First Amendment: Why Big Tech Should Be Left Alone
Twitter’s banning of Trump – an action also taken by other social media platforms, including Facebook, Instagram, YouTube and Snapchat – has opened a fierce debate about freedom of expression and who, if anyone, should control it in the United States.
Yet I’m perfectly OK with Trump’s ban, for reasons legal, philosophical and moral.
The ‘spirit’ of the First Amendment
To begin, it’s important to point out what kind of freedom of expression the First Amendment and its extension to local government via the Fourteenth Amendment protect. The Supreme Court, through various decisions, has ruled that the government cannot restrict speech, the press and other forms of communications media, whether it’s on the internet or in newspapers.
Twitter and other social media platforms are not the government. Therefore, their actions are not violations of the First Amendment.
But if we’re champions of freedom of expression, shouldn’t we nonetheless be distressed by any restriction on communication, be it via a government agency or a corporation?
I certainly am. I’ve called nongovernmental suppressions of speech to be violations of “the spirit of the First Amendment.”
Every time CBS bleeps a performance of a hip-hop artist on the Grammys, the network is, in my view, engaging in censorship that violates the spirit of the First Amendment. The same is true whenever a private university forbids a peaceful student demonstration.
These forms of censorship may be legal, but the government often lurks behind the actions of these private entities. For example, when the Grammys are involved, the censorship is taking place out of fear of governmental reprisal via the Federal Communications Commission.
When governmental suppression is sanctioned
So, why, then, am I OK with the fact that Twitter and other social media platforms took down Trump’s account? And, while we’re at it, why am I fine with Amazon Web Services removing the Trump-friendly social media outlet Parler?
First, a violation of the spirit of the First Amendment is never as serious as a violation of the First Amendment itself.
When the government gets in the way of our right to freely communicate, Americans’ only recourse is the U.S. Supreme Court, which all too often has supported the government – wrongly, in my view.
The court’s 1919 “clear and present danger” and 1978 “seven dirty words” decisions are among the most egregious examples of such flouting of the First Amendment. The 1919 decision qualified the crystal-clear language of the First Amendment – “Congress shall make no law” – with the vague exception that government could, in fact, ban speech in the face of a “clear and present danger.” The 1978 decision defined broadcast language meriting censorship with the even vaguer “indecency.”
And a government ban on any kind of communication, ratified by the Supreme Court, applies to any and all activity in the United States – period – until the court overturns the original decision.
In contrast, social media users can take their patronage elsewhere if they don’t approve of a decision made by a social media company. Amazon Web Services, though massive, is not the only app host available. Parler may have already found a new home on the far-right hosting service Epik, though Epik disputes this.
The point is that a corporate violation of the spirit of the First Amendment is, in principle, remediable, whereas a government violation of the First Amendment is not – at least not immediately.
Second, the First Amendment, let alone the spirit of the First Amendment, doesn’t protect communication that amounts to a conspiracy to commit a crime, and certainly not murder.
I would argue that it’s plainly apparent that Trump’s communication – whether it was suggesting the injection of disinfectant to counteract COVID-19 or urging his supporters to “fight” to overturn the election – repeatedly endangered human life.

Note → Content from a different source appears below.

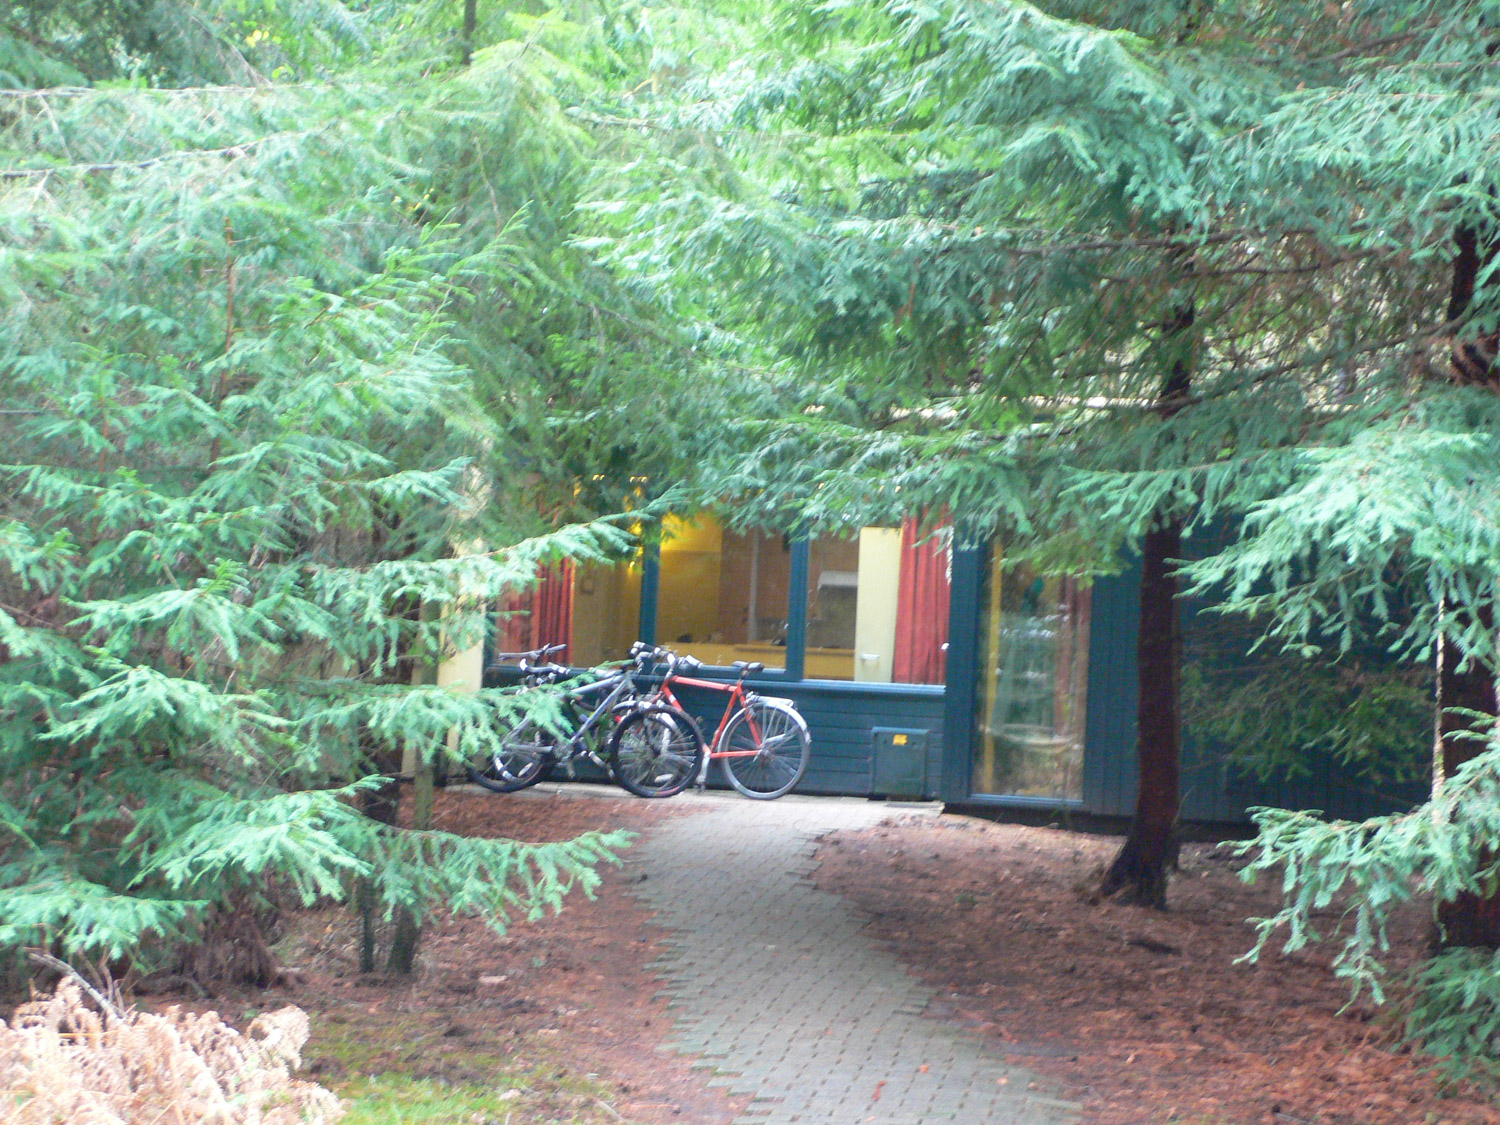 Cabin in the forest at Centerparcs Longleat

Be careful what you wish for
Given that Trump was still president – albeit with just a few weeks left in office – when Twitter banned him, that ban was, indeed, a big deal.
Jack Dorsey, co-founder and CEO of Twitter, appreciated both the need and perils of such a ban, tweeting, “This moment in time might call for this dynamic, but over the long term it will be destructive to the noble purpose and ideals of the open internet. A company making a business decision to moderate itself is different from a government removing access, yet can feel much the same.”
In other words, a company that violates the spirit of the First Amendment can “feel much the same” to the public as government actually violating the First Amendment.
To be sure, I think it’s concerning that a powerful cohort of social media executives can deplatform anyone they want. But the alternative could be far worse.
Back in 1998, many were worried about the seeming monopolistic power of Microsoft. Although the U.S. government won a limited antitrust suit, it declined to pursue further efforts to break up Microsoft. At the time, I argued that problems of corporate predominance tend to take care of themselves and are less powerful than the forces of a free marketplace.
Summoning the U.S. government to counter these social media behemoths is the proverbial slippery slope. Keep in mind that the U.S. government already controls a sprawling security apparatus. It’s easy to envision an administration with the ability to regulate social media not wielding that power to protect the freedoms of users but instead using it to insulate themselves from criticism and protect their own power.
We may grouse about the immense power of social media companies. But keeping them free from the far more immense power of the government may be crucial to maintaining our freedom.